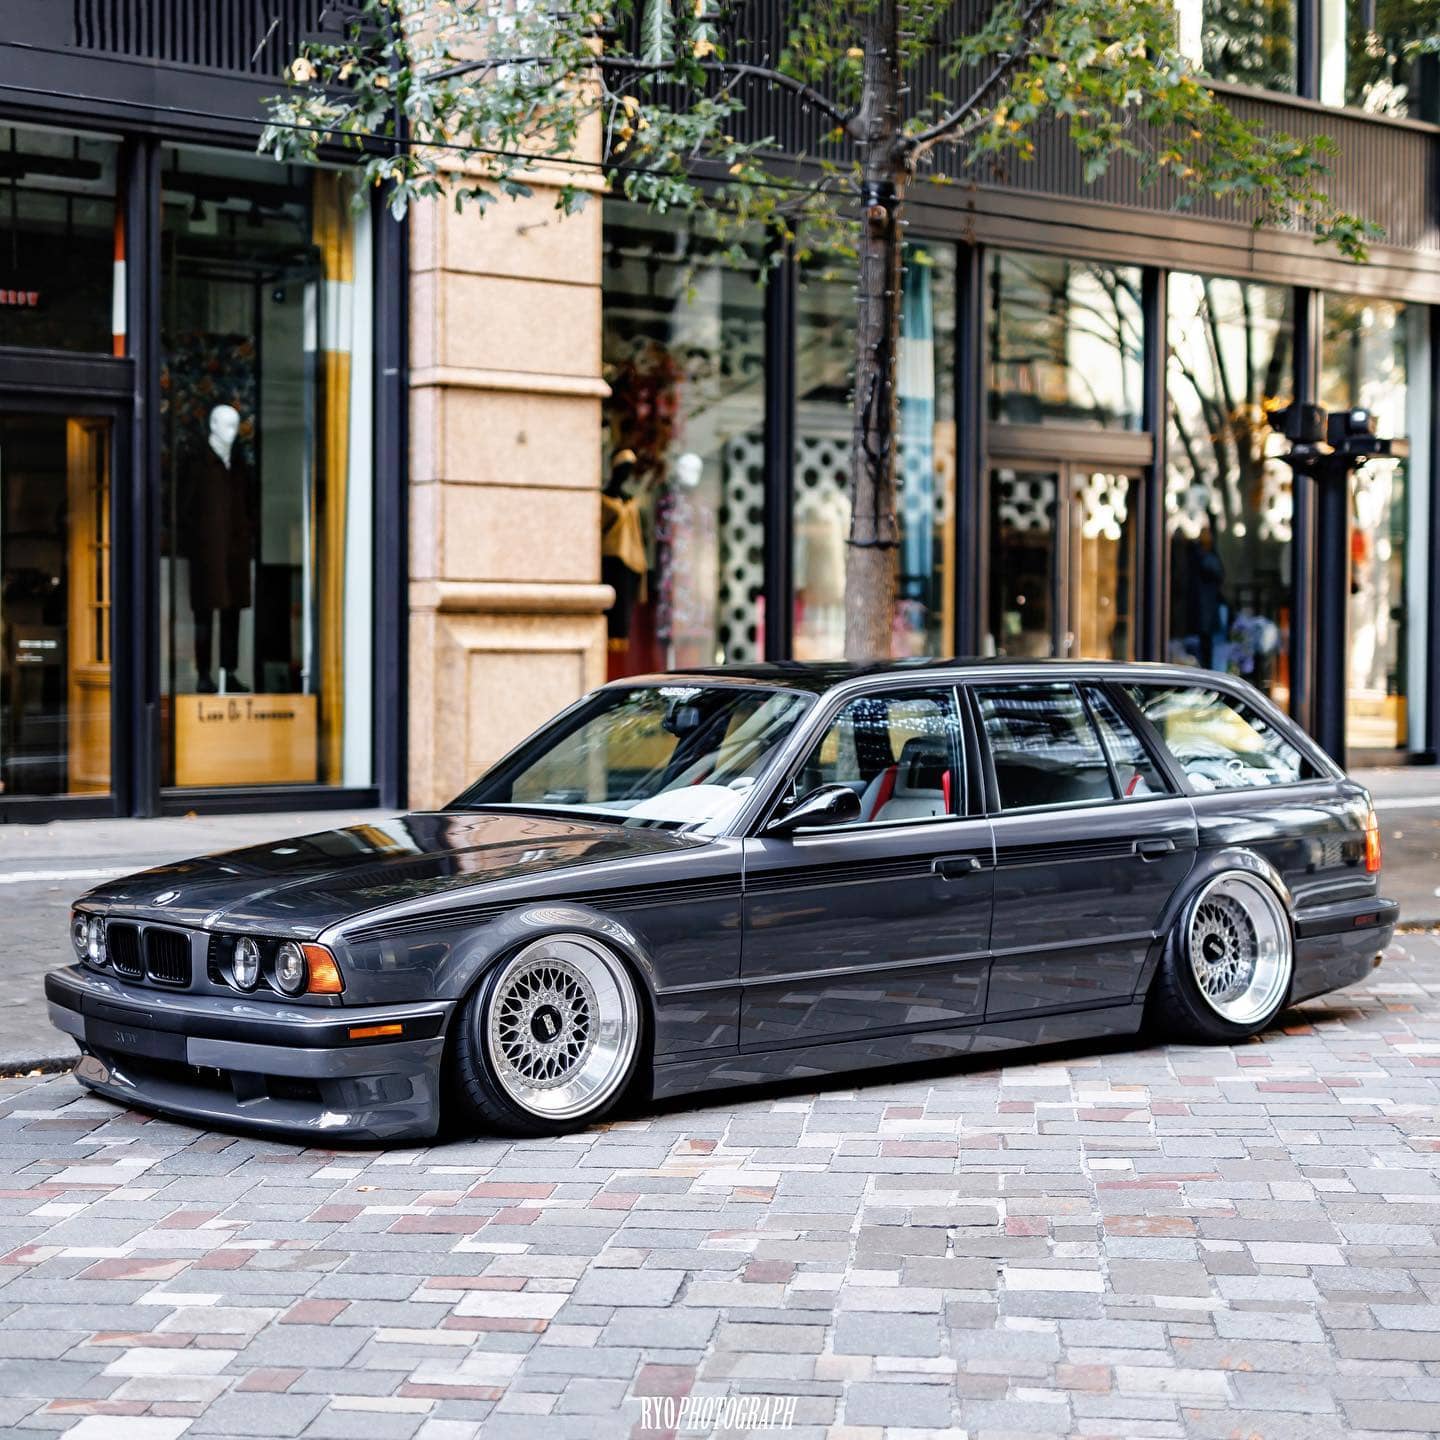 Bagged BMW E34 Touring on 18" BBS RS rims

* * *

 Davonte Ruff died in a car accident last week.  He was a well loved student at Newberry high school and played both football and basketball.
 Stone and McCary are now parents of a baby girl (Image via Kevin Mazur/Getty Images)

▶ _Your task_
In the listing above, locate the line with "Davonte Ruff died" and the line with "Stone and McCary", then extract exactly those lines and every line between them, and nothing more.

▶ _Result for this exercise_
 Davonte Ruff died in a car accident last week.  He was a well loved student at Newberry high school and played both football and basketball.
 Stone and McCary are now parents of a baby girl (Image via Kevin Mazur/Getty Images)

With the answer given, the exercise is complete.